I am trying to do a simple Spark SQL programming in Java. In the program, I am getting data from a Cassandra table, converting the RDD
into a Dataset
and displaying the data. When I run the spark-submit
command, I am getting the error: java.lang.ClassNotFoundException: org.apache.spark.internal.Logging
.
My program is:
SparkConf sparkConf = new SparkConf().setAppName("DataFrameTest")
.set("spark.cassandra.connection.host", "abc")
.set("spark.cassandra.auth.username", "def")

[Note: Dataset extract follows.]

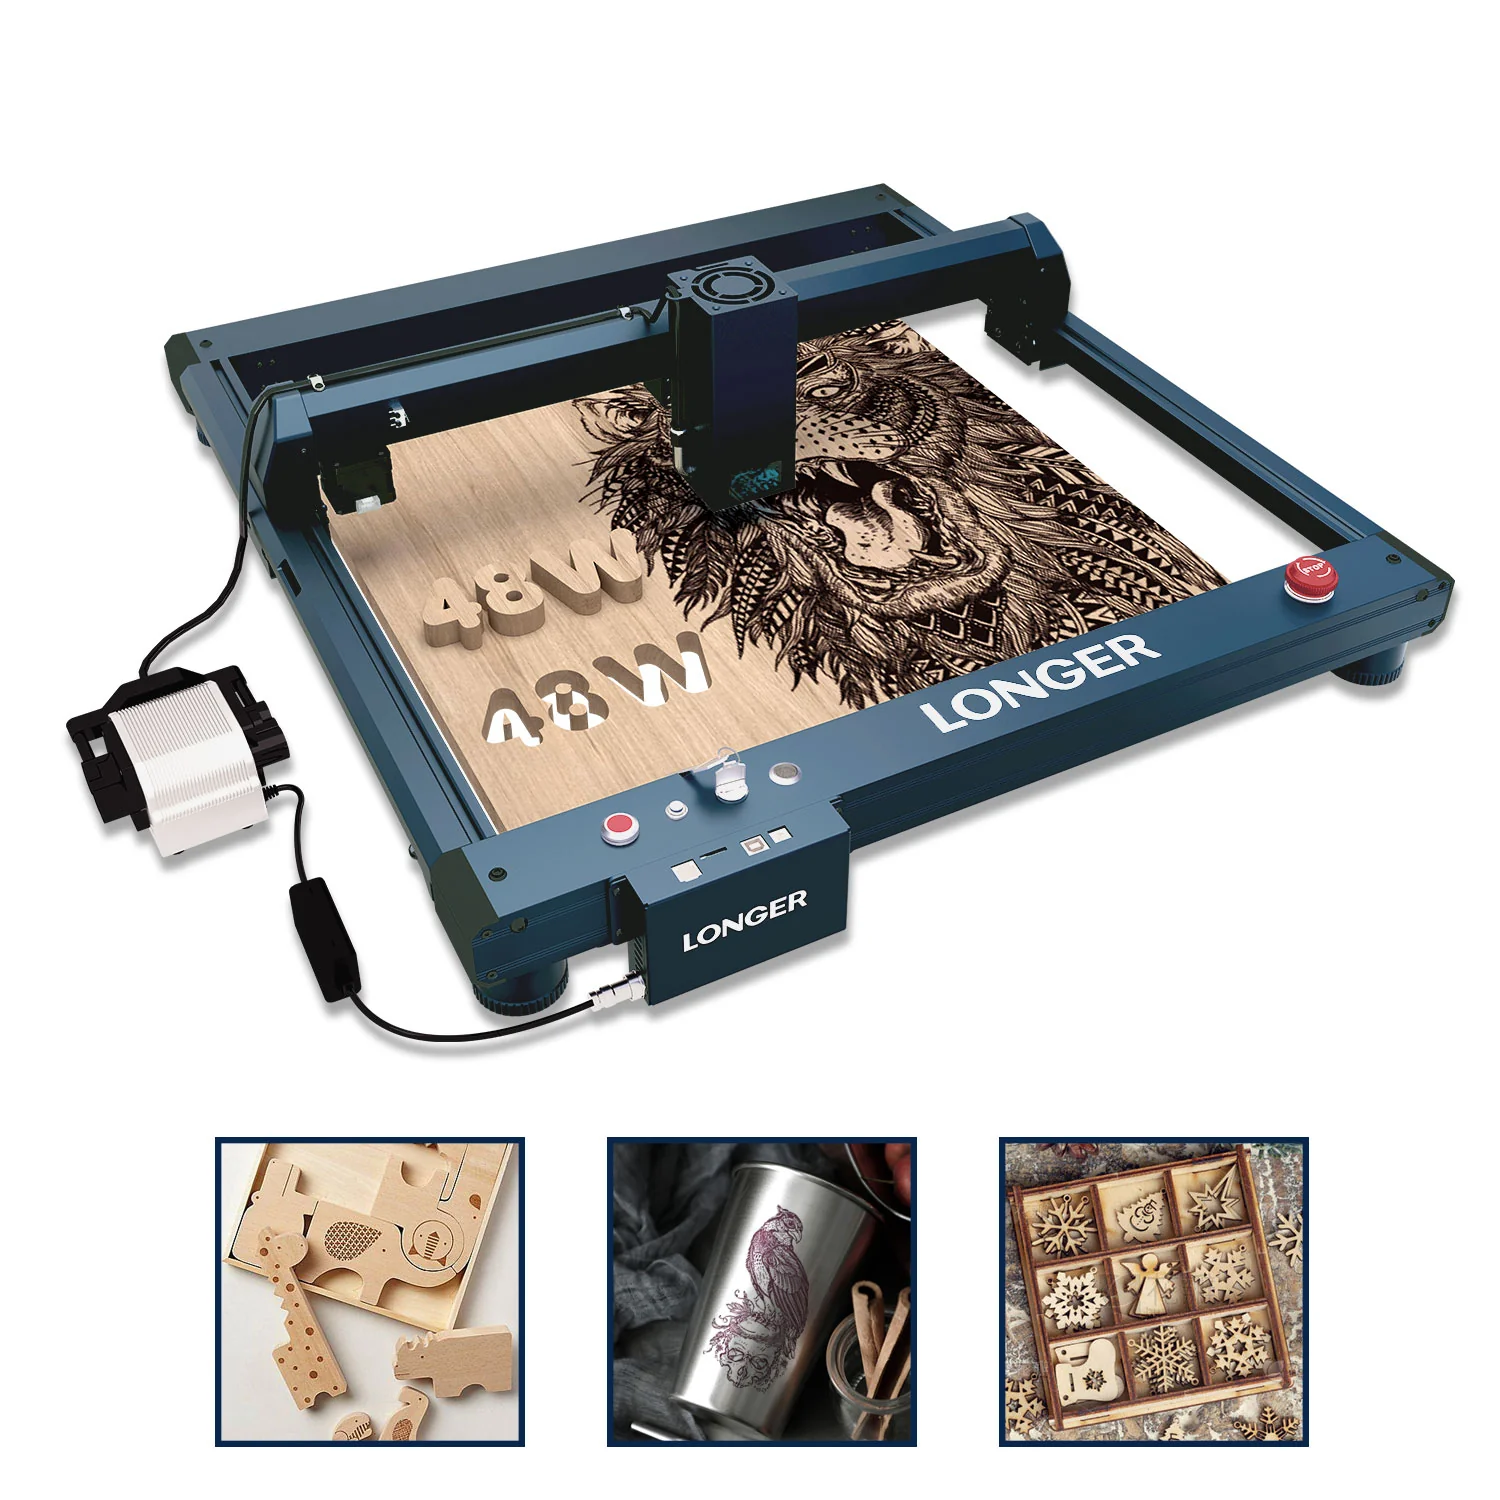 TTS-55 40W Laser Engraver Machine Laser Cutter Laser Cutting Engraving Tool  for Wood Metal Aluminum Glass Leather

.set("spark.cassandra.auth.password", "ghi");
SparkContext sparkContext = new SparkContext(sparkConf);
JavaRDD<EventLog> logsRDD = javaFunctions(sparkContext).cassandraTable("test", "log",
mapRowTo(Log.class));
SparkSession sparkSession = SparkSession.builder().appName("Java Spark SQL").getOrCreate();
Dataset<Row> logsDF = sparkSession.createDataFrame(logsRDD, Log.class);
logsDF.show();
My POM dependencies are:
<dependencies>
<dependency>
<groupId>org.apache.spark</groupId>
<artifactId>spark-core_2.11</artifactId>
<version>2.0.2</version>
<scope>provided</scope>
</dependency>
<dependency>
<groupId>org.apache.spark</groupId>
<artifactId>spark-streaming_2.11</artifactId>
<version>2.0.2</version>
<scope>provided</scope>
</dependency>
<dependency>
<groupId>com.datastax.spark</groupId>
<artifactId>spark-cassandra-connector_2.11</artifactId>
<version>1.6.3</version>
</dependency>
<dependency>
<groupId>org.apache.spark</groupId>
<artifactId>spark-sql_2.11</artifactId>
<version>2.0.2</version>
</dependency>
</dependencies>
My spark-submit
command is: /home/ubuntu/spark-2.0.2-bin-hadoop2.7/bin/spark-submit --class "com.jtv.spark.dataframes.App" --master local[4] spark.dataframes-0.1-jar-with-dependencies.jar
How do I solve this error? Downgrading to 1.5.2
does not work as 1.5.2
does not have org.apache.spark.sql.Dataset
and org.apache.spark.sql.SparkSession
.